Its finally Friday!!
@Argon Finally!
Got to get down on Friday
Everybody's looking forward to the weekend
@Argon stop it,please
user19161
@Argon I love that song!
21:14
here we go...
user19161
@JonasTeuwen Are you OK? You look tormented in that picture.
@JasperLoy I know
user19161
Anyone knows what's wrong with the Ubuntu repositories? Updating keeps stalling, must be server crashing due to 9000 people using.
Can surface integrals find surface area?
The man with black rimmed glasses
Share his thoughts wherever he passes
Yesterday "I'm bad"
To me me he said
I just want to bring Joy
To that @Jasper Loy.
2
user19161
21:20
@Argon Yes, integrate 1 over the surface.
@JasperLoy What happens when you integrate a function over a surface physically?
user19161
@Charlie Hehe.
@Charlie Funny!!!
user19161
@Argon You get a number. When you divide this by the area you get the average of the function over that area.
@JasperLoy what do you think about that?I can write too!
21:22
@JasperLoy Area of what?
user19161
@Argon The area of the surface.
@JasperLoy I see. That is very strange!
user19161
@Argon It is pretty intuitive. Most math is intuitive.
@JasperLoy It makes sense, it's just really cool!
user19161
@Argon Yes, as cool as me.
21:24
@JasperLoy No doubt.
Things get even cooler with vector calculus.
@anon I need to learn vectors better!!
@OldJohn Yo!
@OldJohn Oldjohn!
21:28
@Charlie Hi!
@OldJohn wassup?
@Charlie Not much here - just chillin :)
user19161
@Charlie My XXX.
@JasperLoy agaaainn!
user19161
@Charlie Yes, I am lame like that.
21:32
@JasperLoy i only know 3 menaings for XXX...
user19161
@Charlie I know them too: they are X, X and X. QED.
...que o pariu...
user19161
@Charlie Ah, that must be a curse word!
@JasperLoy not the whole thing
user19161
Trying to change the Ubuntu mirror does not help either. So something wrong there.
user19161
21:36
Perhaps Ubuntu now has 9 billion users. I am not even sure of the world population now.
@JasperLoy less than 9 billion
7 billion guess
user19161
@OldJohn Hehe, OK. I guess they probably have an estimate of the total number ever lived.
@JasperLoy yeah
I once read that 90% of all scientists who have ever lived are still alive
(not sure of their definition of "scientist", though)
user19161
What's cool about jellyfish is that they can sting you to death and they lay millions of eggs at a time.
21:38
Is that different from the ratio of people today to people ever?
user19161
Some speculate that jellyfish might become king of the oceans.

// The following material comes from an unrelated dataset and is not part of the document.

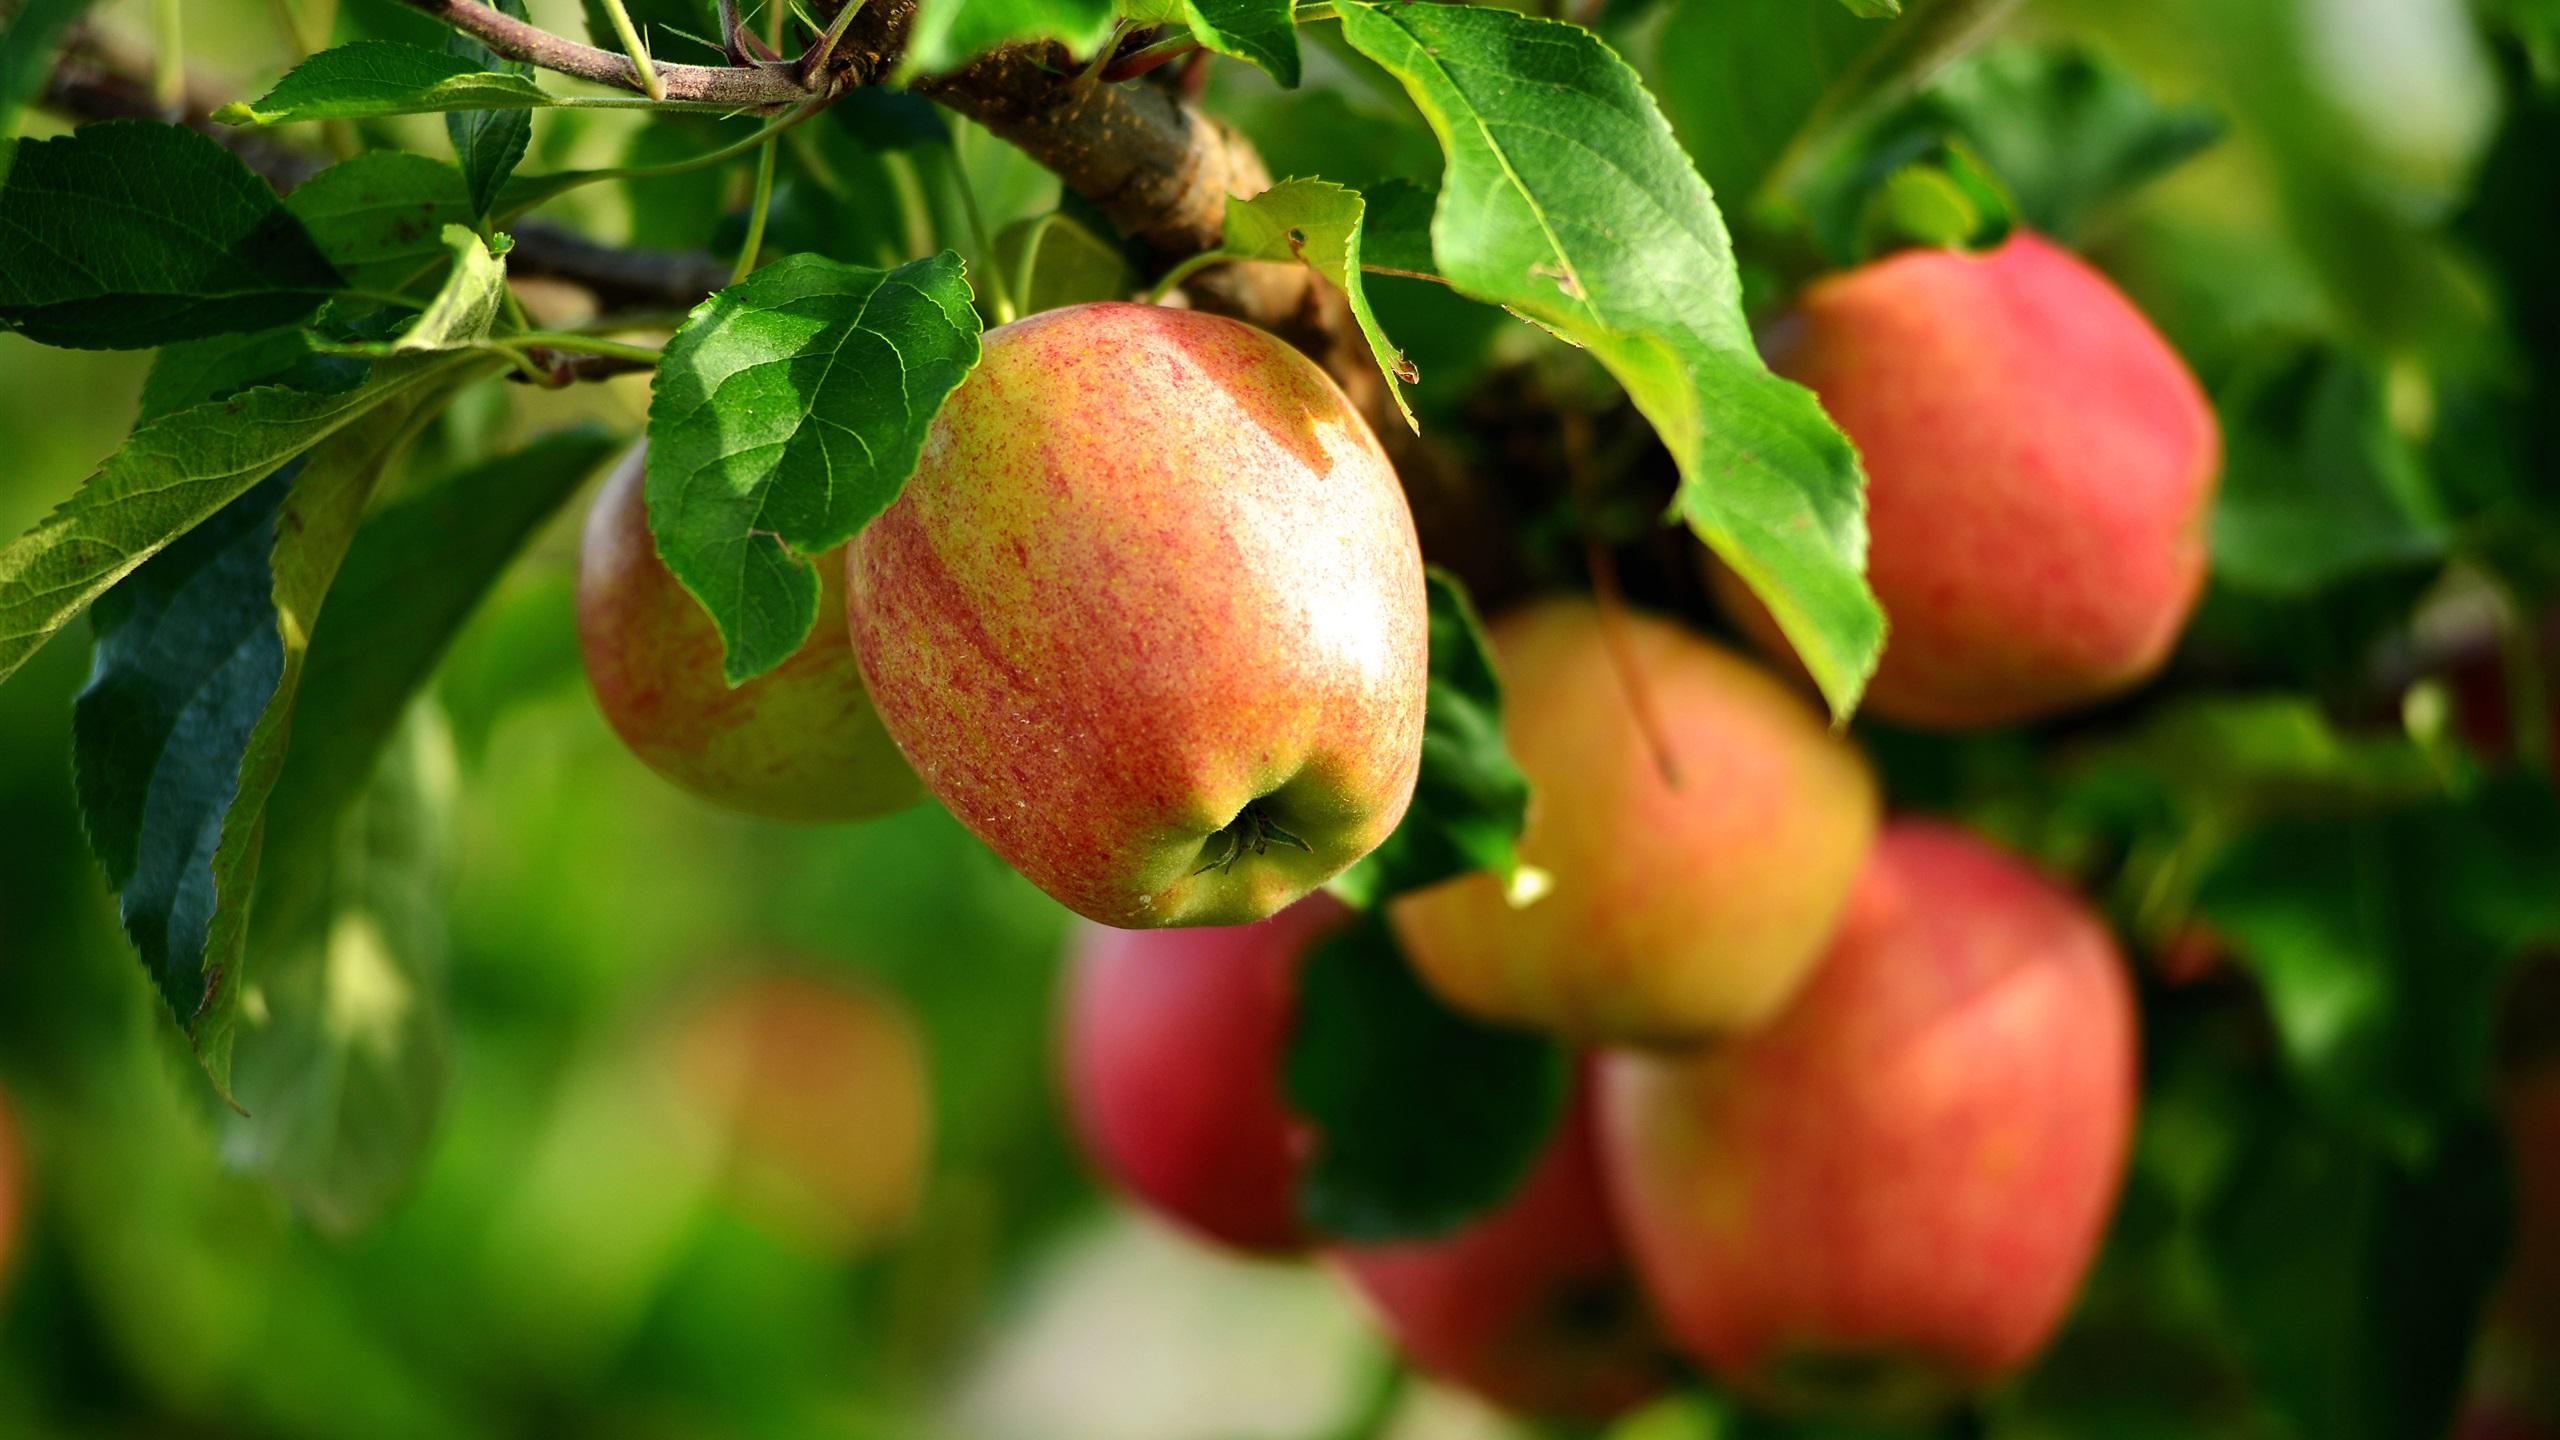 отпуск яблоки в саду фото обои разной

@JasperLoy Neptune will be annoyed
user19161
@Argon Speaking of Neptune, what's the planet that's no longer considered one?
@JasperLoy Pluto
user19161
@Argon That seems to be a dog in some cartoon.
21:40
@JasperLoy mickey's dog...
user19161
@Charlie Maybe anon's dog. I think he has one.
21:52
Chatanooga Choo choo, won't you choo choo me home
hey
@anon How's your representation theory coming along
@BenjaLim hey!
@Charlie hey
@Charlie where are you in the world?
@BenjaLim I'm a nowhere man
kidding!
south america
right.
@OldJohn are you watching tottenham vs chelsea tomorrow?
It's tonight for me
22:01
@BenjaLim Not sure - I think I have too much to do tomorrow, unfortunately
lots of things to catch up on after a holiday
@BenjaLim pretty meh
I am spending too much time reading things I don't understand than actually learning the fundamentals.
@anon meh?
@OldJohn back from abu dhabi?
Mackey functors, plethysms, ...
right.
@anon Do you know much about the schur functor in any case?

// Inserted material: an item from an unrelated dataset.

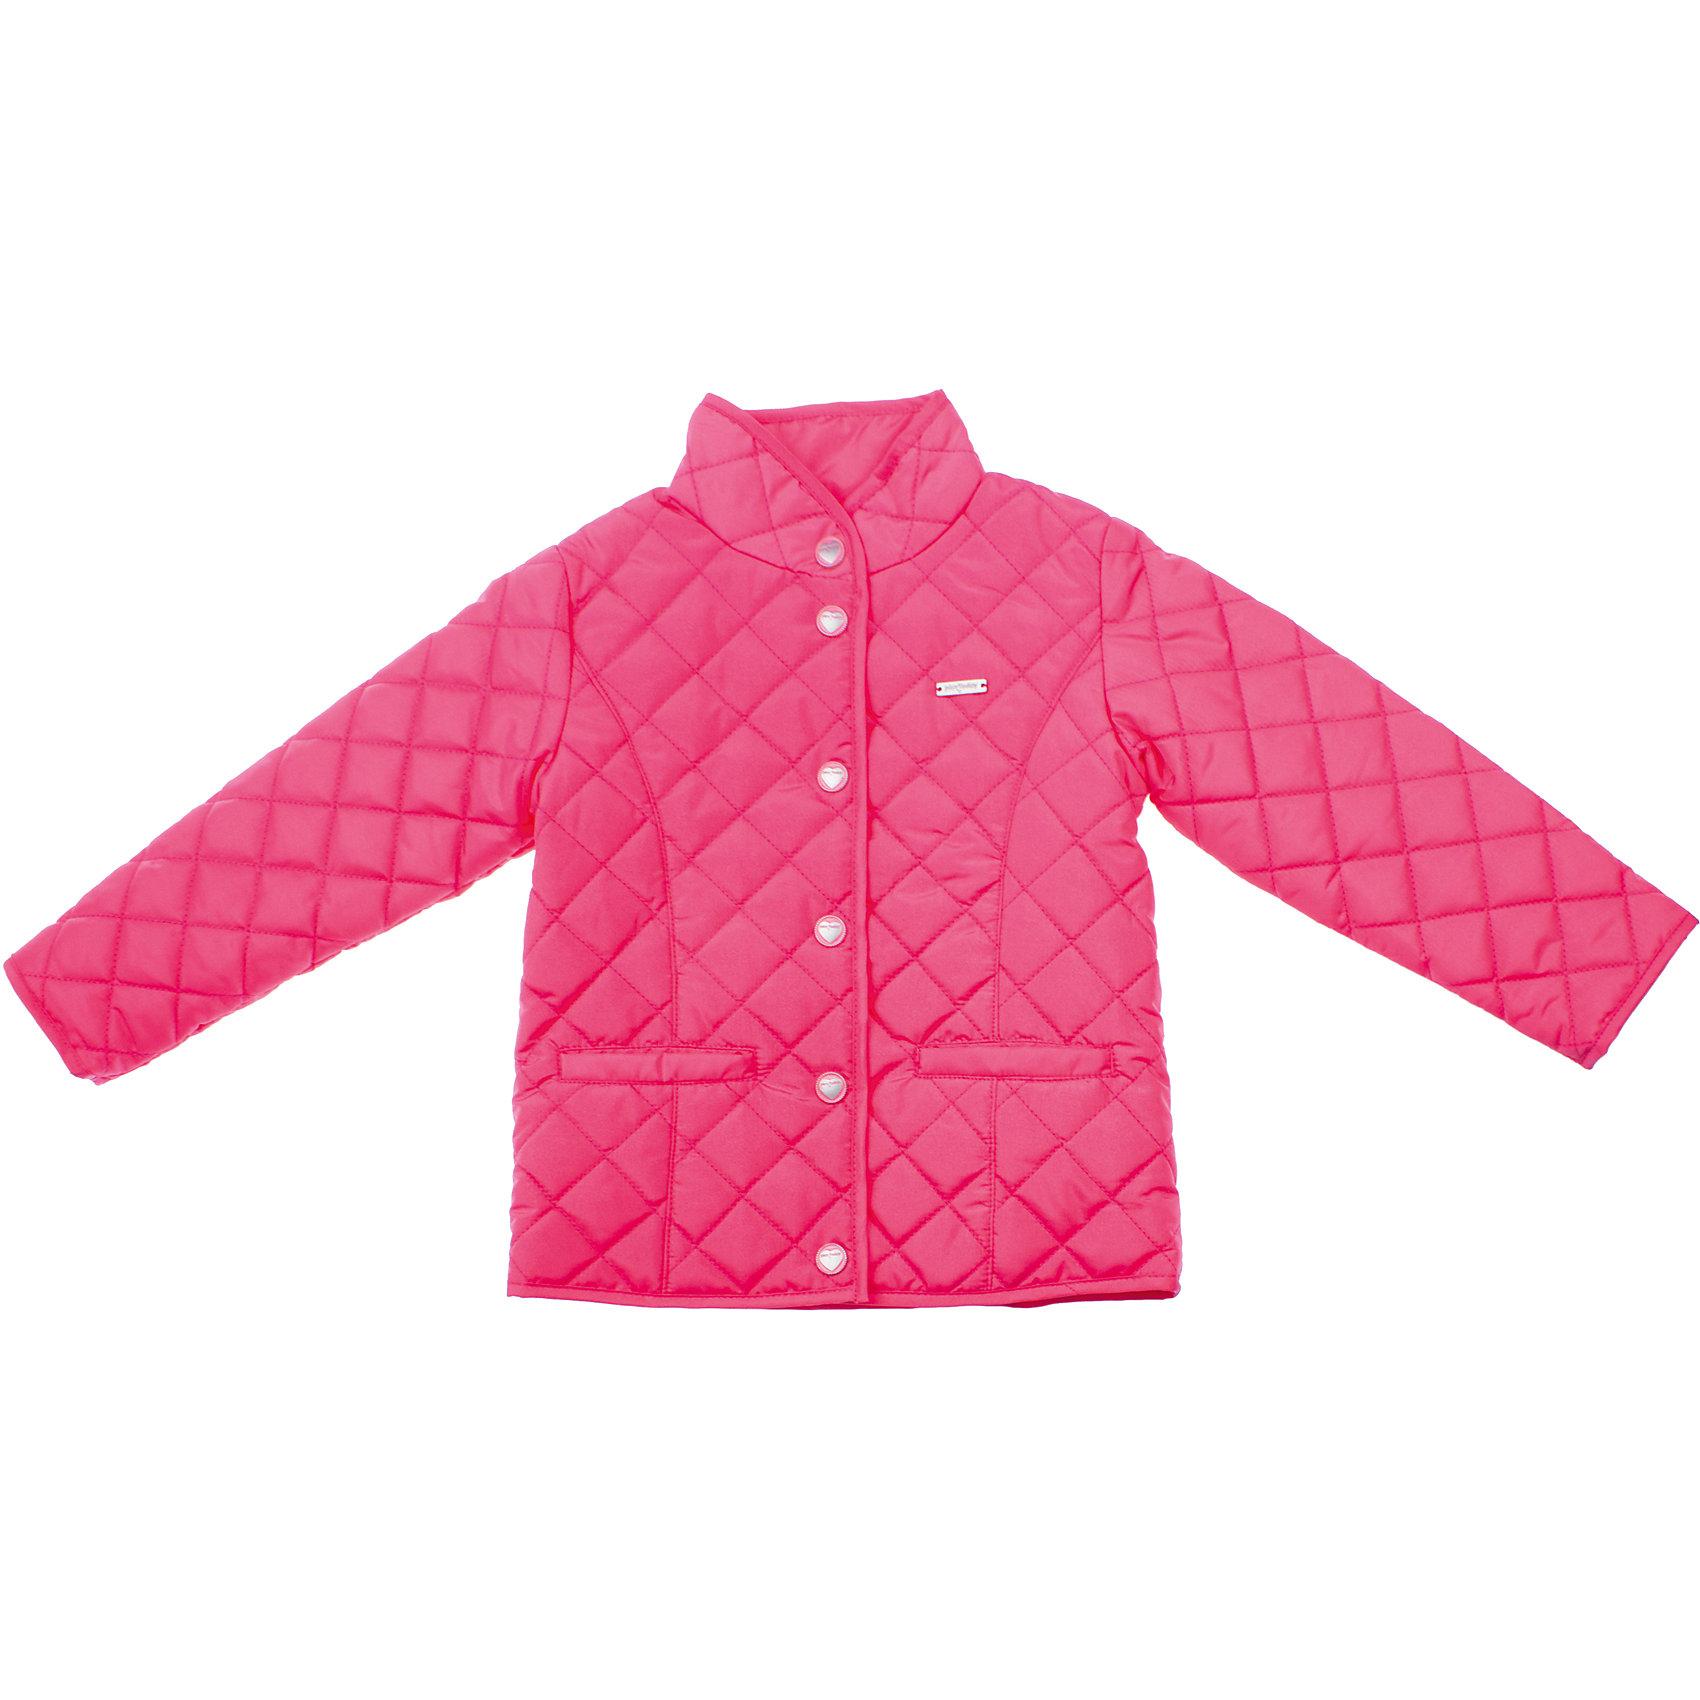 Куртка для девочки PlayTodayВерхняя одежда<br>Куртка для девочки PlayToday <br><br>Состав: <br>Верх: 100% полиэстер<br>Подкладка: 65% полиэстер, 35% хлопок<br><br>Наполнитель: 100% полиэстер легкая стеганая куртка<br>Яркий малиновый цвет<br>Застегивается на кнопки с сердечками<br>Два кармашка<br>Высокий воротник-стойка<br>Мягкая трикотажная подкладка<br><br>Ширина мм: 356<br>Глубина мм: 10<br>Высота мм: 245<br>Вес г: 519<br>Цвет: розовый<br>Возраст от месяцев: 84<br>Возраст до месяцев: 96<br>Пол: Женский<br>Возраст: Детский<br>Размер: 122,110,128,116,104,98<br>SKU: 4504430

I know what it is in a bare sense.
22:09
@BenjaLim No - back from Slovakia - Abu Dhabi is next month :)))
You would probably like it it's very combinatorial
@OldJohn So how now john senior the explorer
Slovakia was great - very interesting place - and great beer
Yes, the trace formulas for the effect schur functors have on reps, when viewed as polynomials in the eigenvalues, ubergeneralize identities involving symmetric polynomials (namely elementary and complete homogeneous ones in the newton-girard identities).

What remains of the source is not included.